Histopathology. 1998 Apr;32(4):368-74. doi: 10.1046/j.1365-2559.1998.00396.x.
We describe nine cases of scalloped cell xanthogranuloma, a distinct solitary variant of non-Langerhans cell histiocytoses.
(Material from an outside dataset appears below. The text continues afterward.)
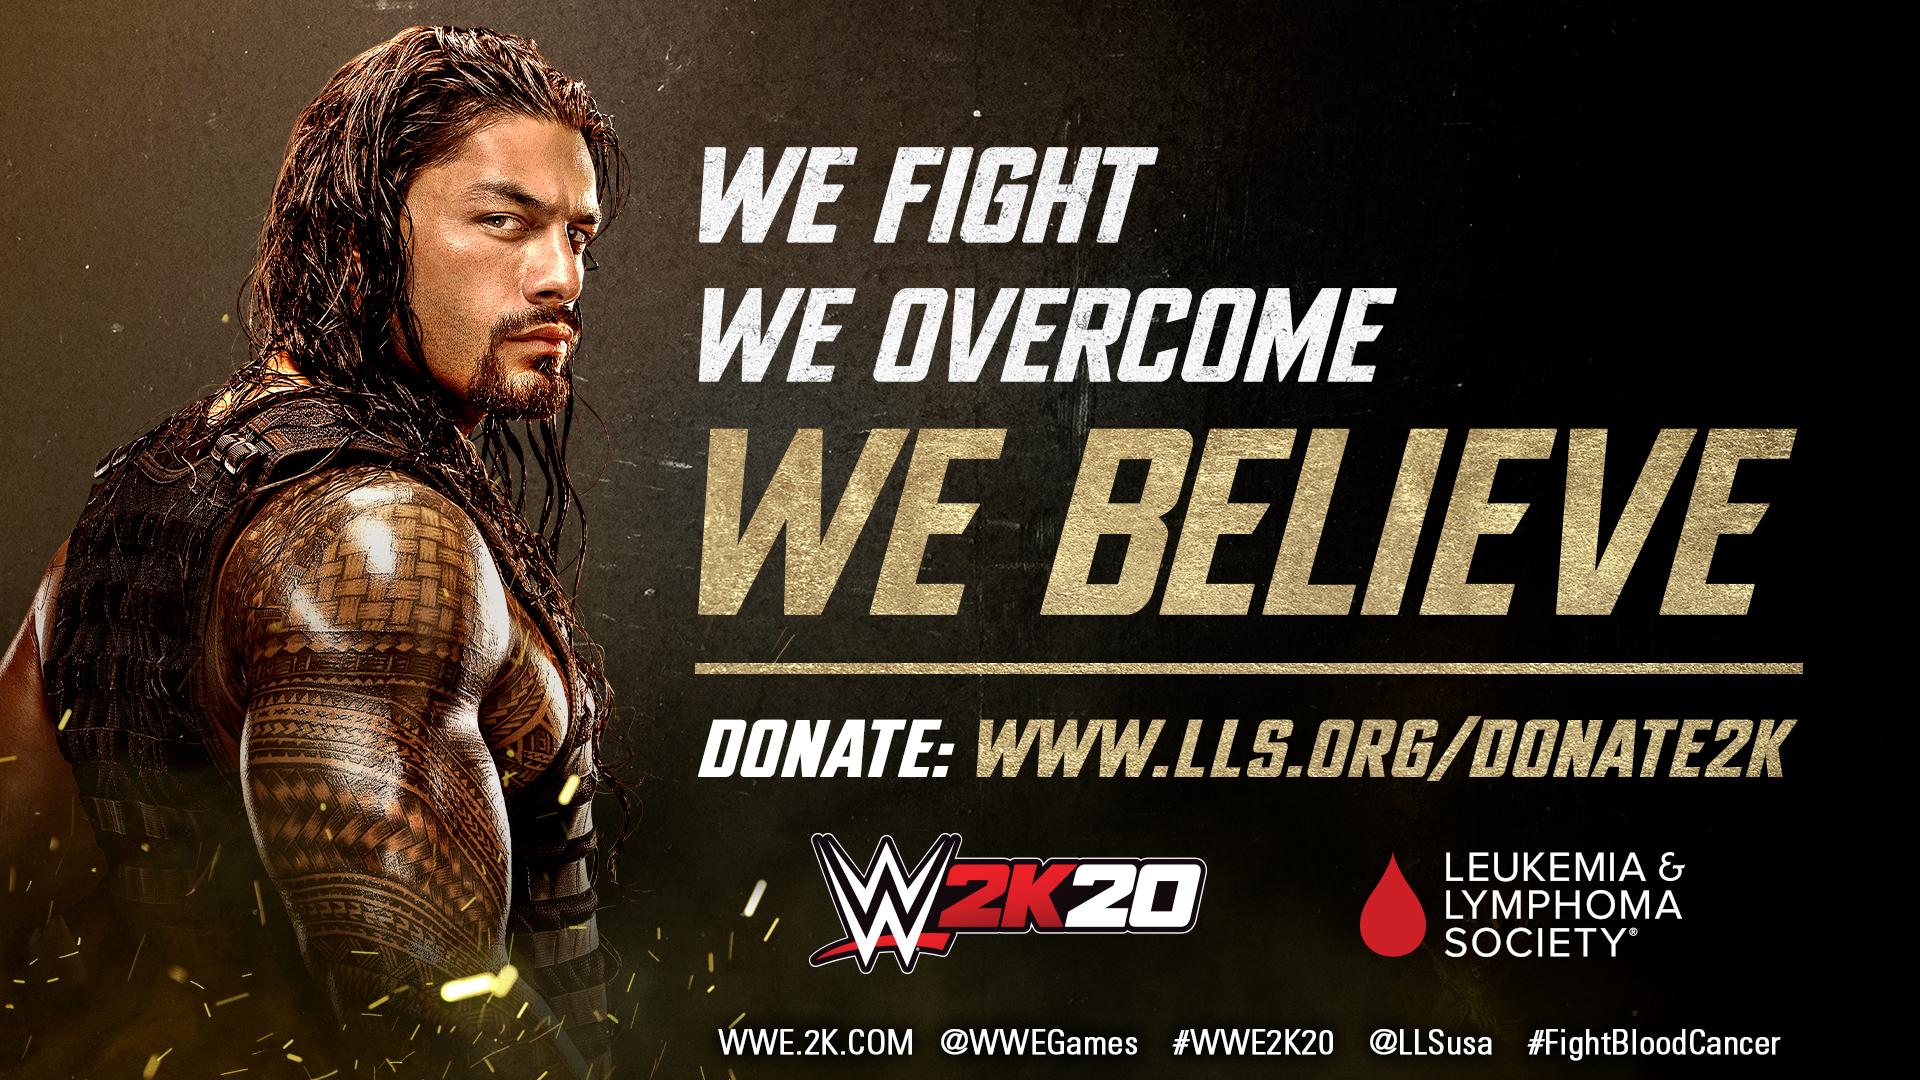 WWE 2K – global partnership with The Leukemia & Lymphoma

In this retrospective clinicopathological study scalloped cell xanthogranuloma mostly occurred on the back or head and neck of young adult males diagnosed as a xanthogranuloma, naevus, or basal cell carcinoma. Histology characteristically revealed a sheet-like infiltrate of predominantly scalloped histiocytes (> 79% of all cell types) in the upper dermis. Other mononuclear (vacuolated, xanthomatized, spindle-shaped, oncocytic) and multinucleate (foreign body, ground glass and Touton) histiocytes were also regularly seen. Immunohistochemically, all cases exhibited a macrophage/dendritic cell lineage positive with KP1 (CD68), KiM1p, HAM 56 and factor XIIIa. Ultrastructurally, numerous intracytoplasmic dense, occasionally also myeloid bodies were present. No associated systemic disease, hyperlipidaemia or recurrence were seen during follow-up.
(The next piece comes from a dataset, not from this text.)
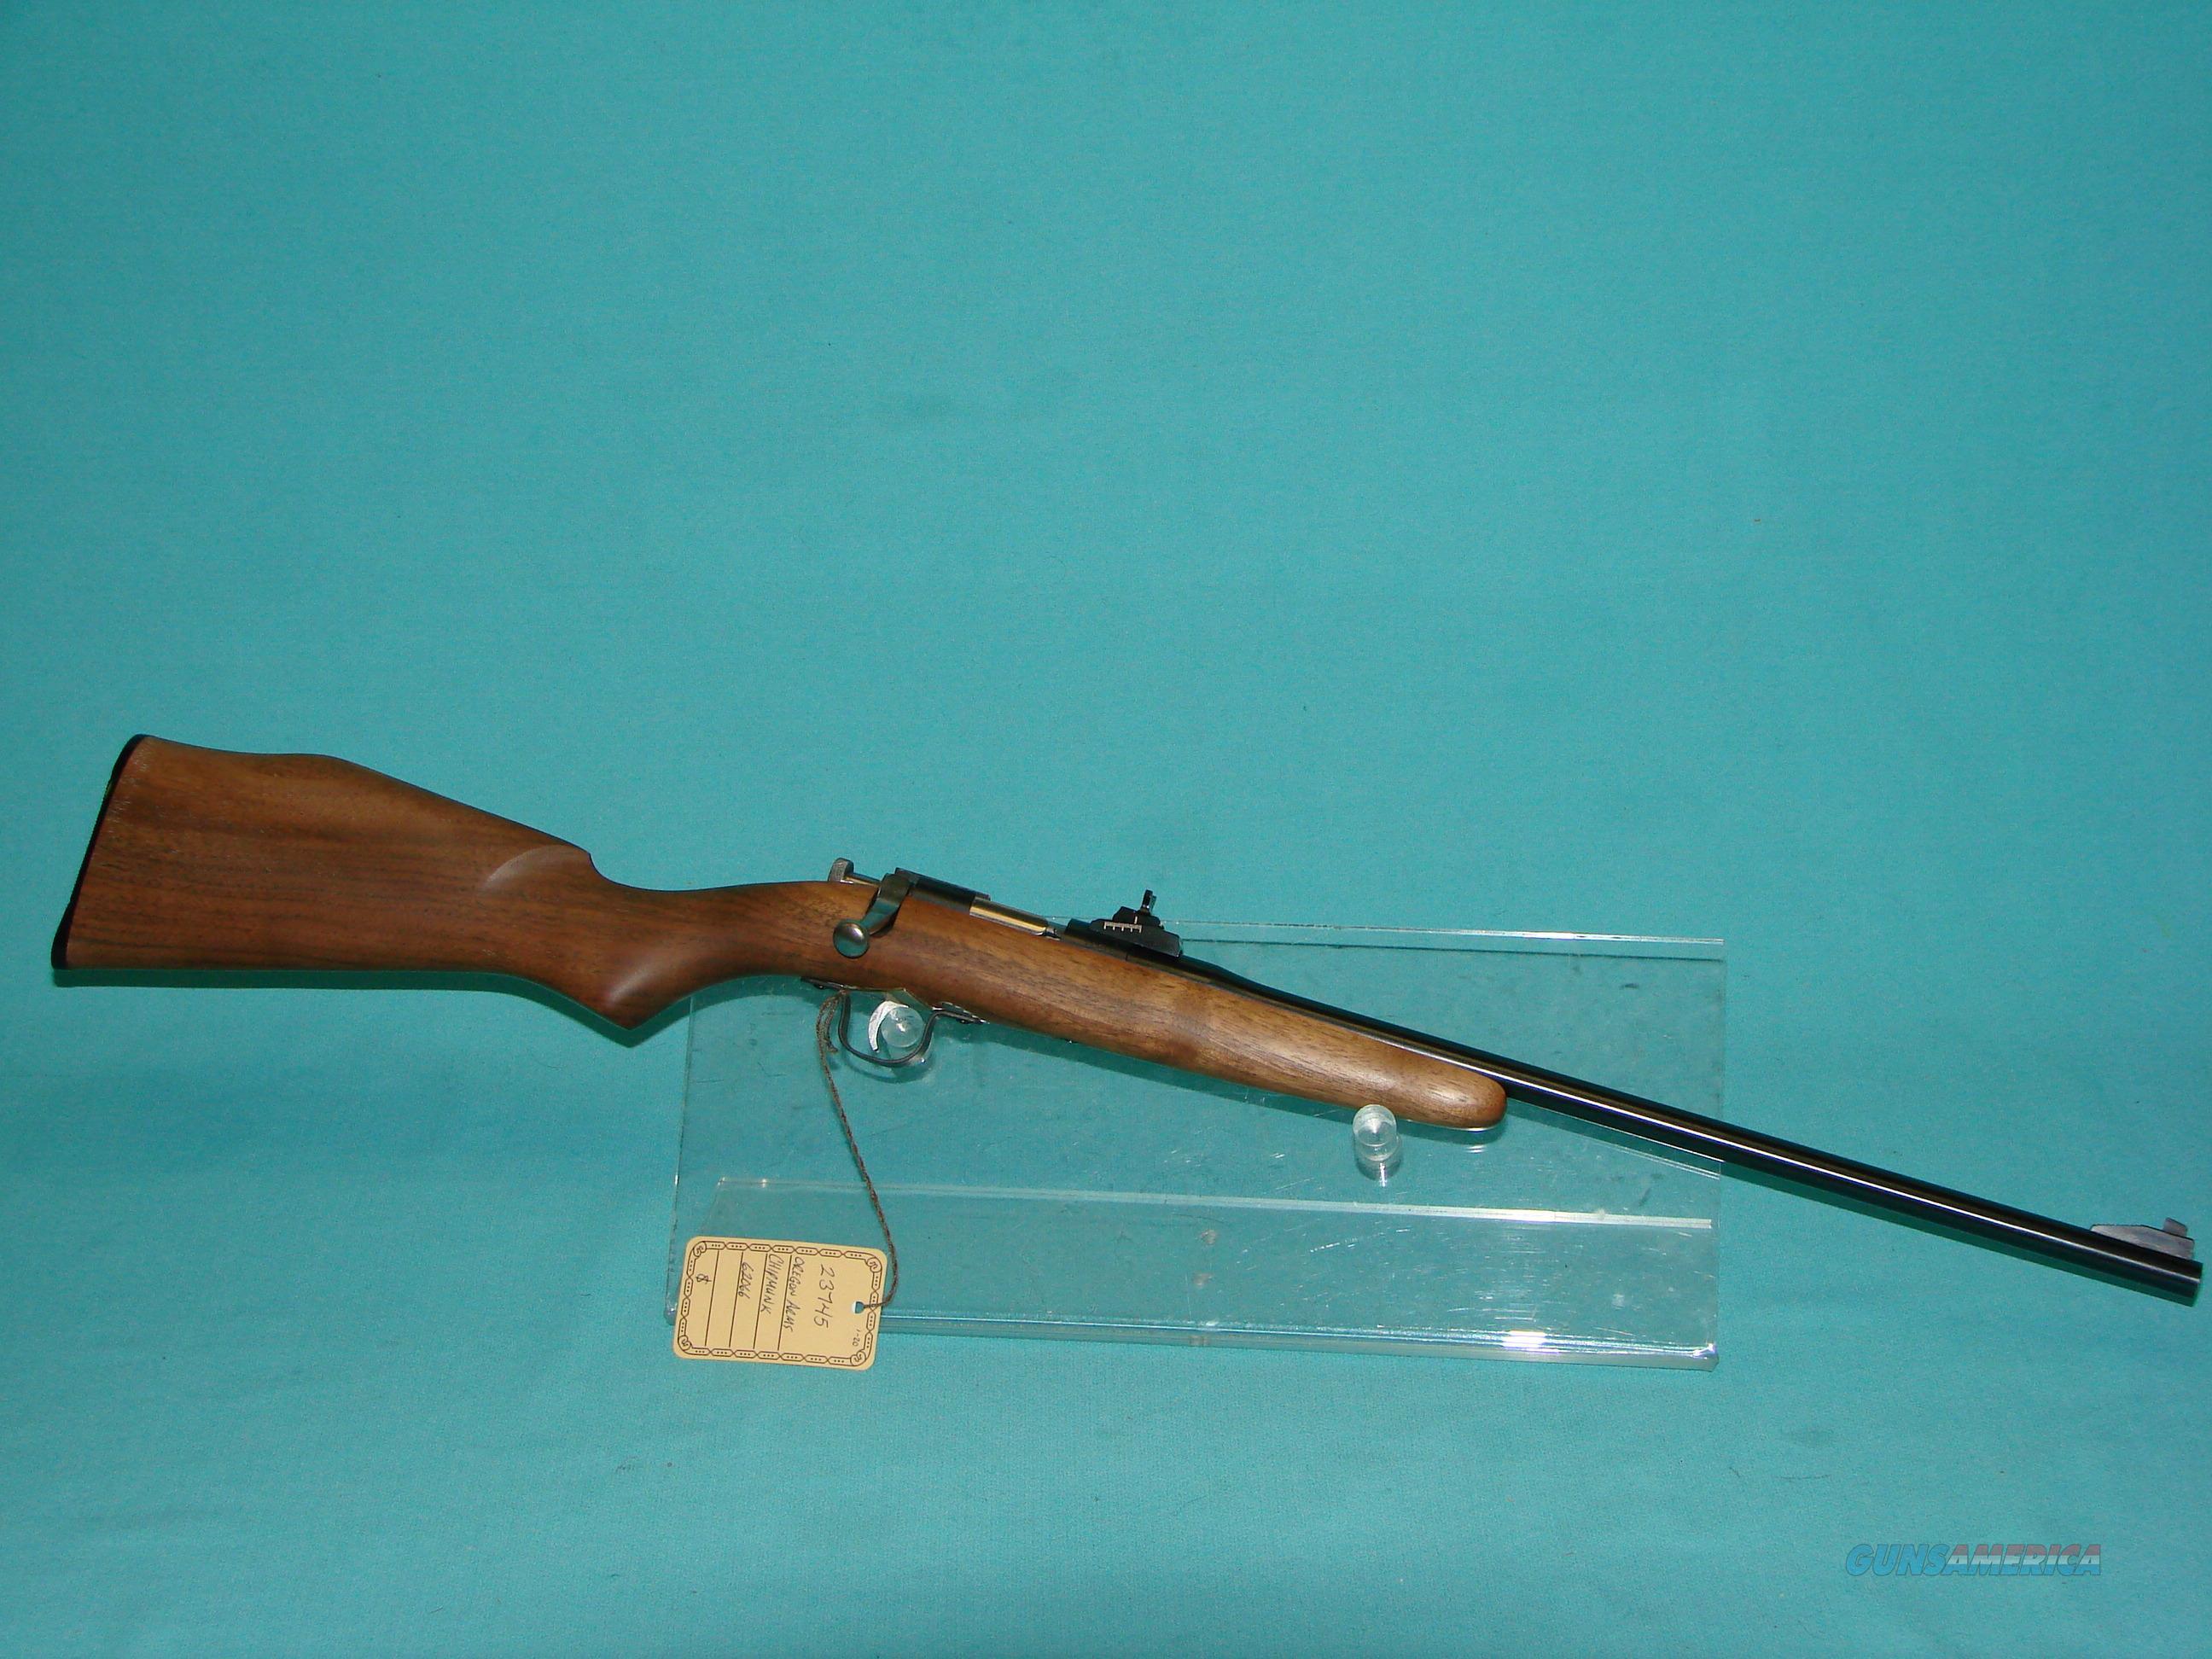 Oregon Arms Chipmunk 22LR

These findings are similar to those of early lesions of xanthoma disseminatum: thus, scalloped cell xanthogranuloma could be regarded as a solitary counterpart of xanthoma disseminatum, and, moreover, fits neatly into a unifying concept of non-Langerhans cell histiocytoses.
我们描述了9例扇贝状细胞黄瘤,这是一种非朗格汉斯细胞组织细胞增生症的独特孤立性变体。
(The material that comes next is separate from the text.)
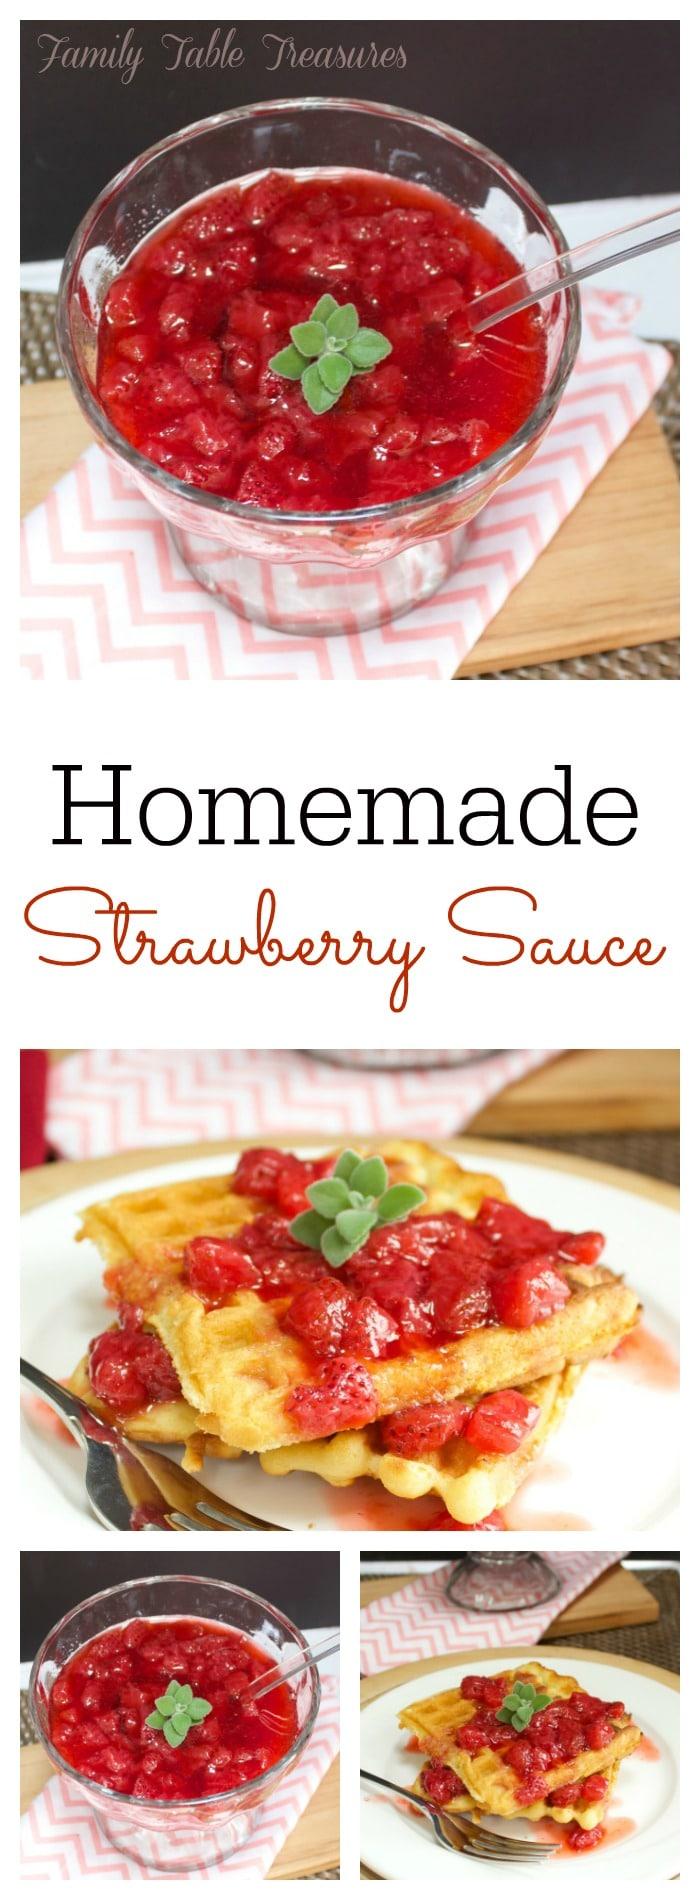 Homemade Strawberry Sauce

在这项回顾性临床病理研究中,扇贝状细胞黄瘤大多发生于年轻成年男性的背部或头颈部,诊断为黄瘤、痣或基底细胞癌。组织学特征显示,在上层真皮中主要为扇贝状组织细胞(占所有细胞类型的>79%)呈片状浸润。其他单核(空泡化、黄色瘤样、梭形、嗜酸性)和多核(异物型、毛玻璃样和图顿型)组织细胞也经常可见。免疫组化方面,所有病例均显示巨噬细胞/树突状细胞谱系对KP1(CD68)、KiM1p、HAM 56和因子ⅩⅢa呈阳性。超微结构上,可见大量胞浆内致密物,偶尔也有髓样小体。随访期间未见相关系统性疾病、高脂血症或复发。
这些发现与播散性黄瘤早期病变的发现相似:因此,扇贝状细胞黄瘤可被视为播散性黄瘤的孤立对应物,而且,很好地符合非朗格汉斯细胞组织细胞增生症的统一概念。